At each sampling site, one of the volunteers wades in knee-deep water and fills several containers with seawater. The citizen scientists use portable laboratory equipment to analyze the samples for pH, dissolved oxygen concentration, salinity, and turbidity. The water quality samples are transferred to indoor laboratories for additional testing. Further testing for nutrients is performed on samples that are frozen and shipped to the University of Hawaii labs at Mānoa.

Today, the Hui O Ka Wai Ola program manages data collected at 40 Lee sites that has been made available to the Department of Health’s Clean Water Division for inclusion in reports to the EPA and state and local agencies. New data is currently being collected from 29 coastal sites in west and south Maui.

Senior Team Lead Tiara Stark (left) describes the water testing steps performed by (left to right) Team Lead Nalei Sampson, Maui County Council’s Tamara Paltin and longtime volunteer Kit Harris (in green shirt) during a celebration of the 100th Sampling were conducted session of the Hui O Ka Wai Ola Seawater Quality Monitoring Program. Photo by Ty Freiberg.

Dozens of volunteers have worked with the program since its inception, including Hawaii State Representative Tina Wildberger and Maui resident Kit Harris. The program has four part-time employees: Senior Team Lead Tiara Stark and Team Leads Meredith Beeson, Mitch Brown and Nalei Sampson.

Retired biophysicist Cathy Maxwell is the organization’s technical advisor and Bill Rathfon is the data manager. Hui O Ka Wai Ola is led by a steering committee made up of representatives from the three partner organizations, along with Dana Reed and Kim Falinski, the Quality Assurance Advisors.

The Hawaiian Islands Humpback Whale National Marine Sanctuary, Lahainaluna High School, Da Hawaiian Store, and Pineapple Properties LLC provided the group with free space for their indoor labs.
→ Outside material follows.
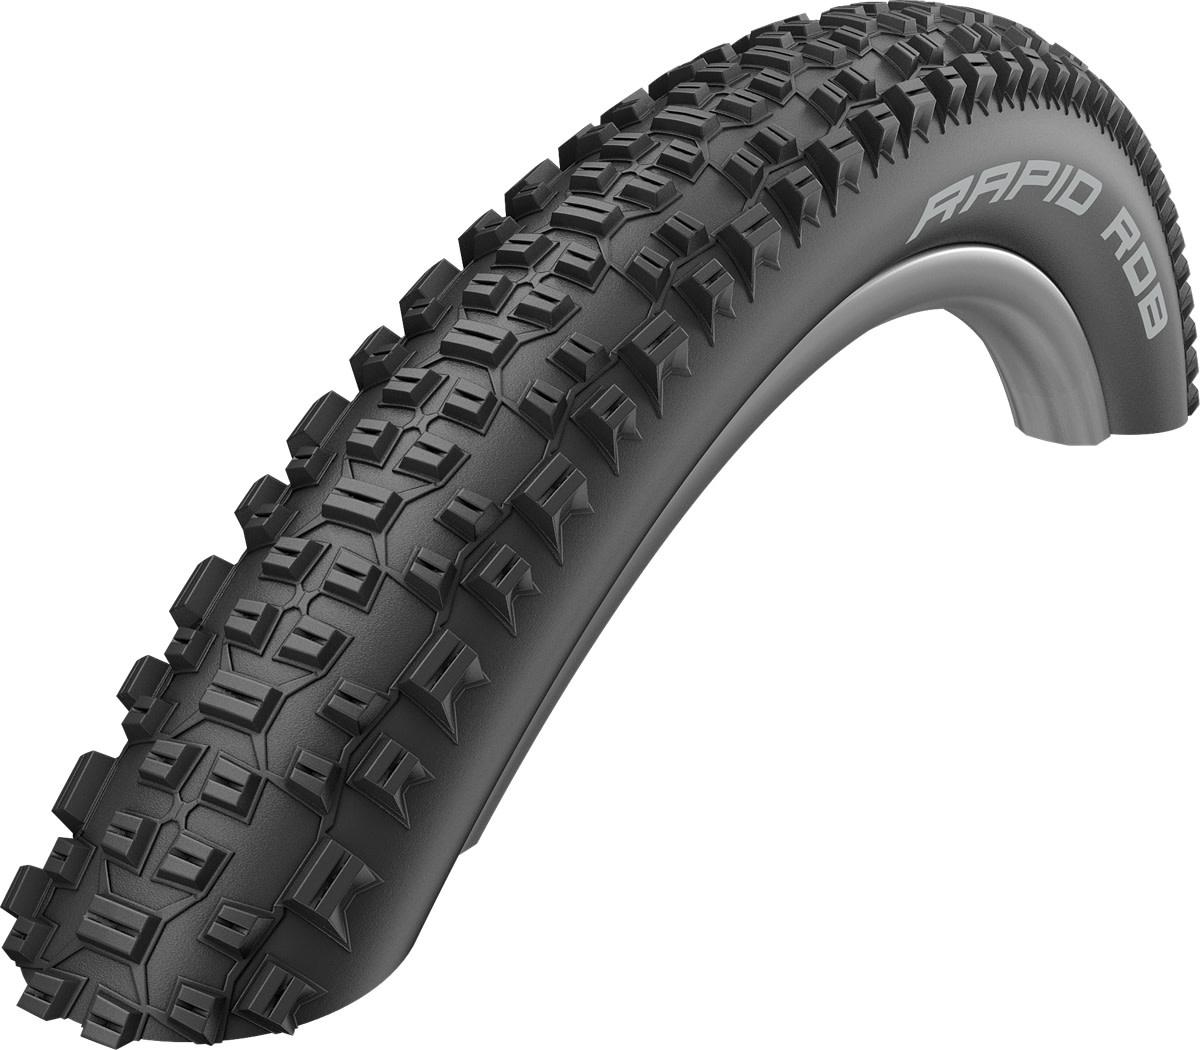 Schwalbe Rapid Rob Active Line All Terrain Tyre in Black - 29 x 2.10

The County of Maui has provided funding along with local businesses, foundations and groups including: National Fish & Wildlife Foundation, Duke’s Maui, Makana Aloha Foundation, Nāpili Bay and Beach Foundation, Media The Foundation, EACH Foundation, North Beach West Maui Benefit Fund , Maui Ocean Center, Hawaii Tourism, LUSH and EcstaSea, and individual donors.

Hui O Ka Wai Ola also provides annual presentations to the community on water quality conditions along Maui’s leeward side and has expanded its efforts with new equipment and testing methods to further identify the sources of water quality degradation along Maui’s shores.

“I haven’t seen the same type of brown water events on the beach at DT Fleming in a long time,” said Jim Maxwell, MNMRC board member and HOKWO volunteer.

“This is an incredible story about the power of citizen scientists and how people can work together to achieve a goal,” said Newbold. “We are grateful that the people of Maui care so much about seawater quality.”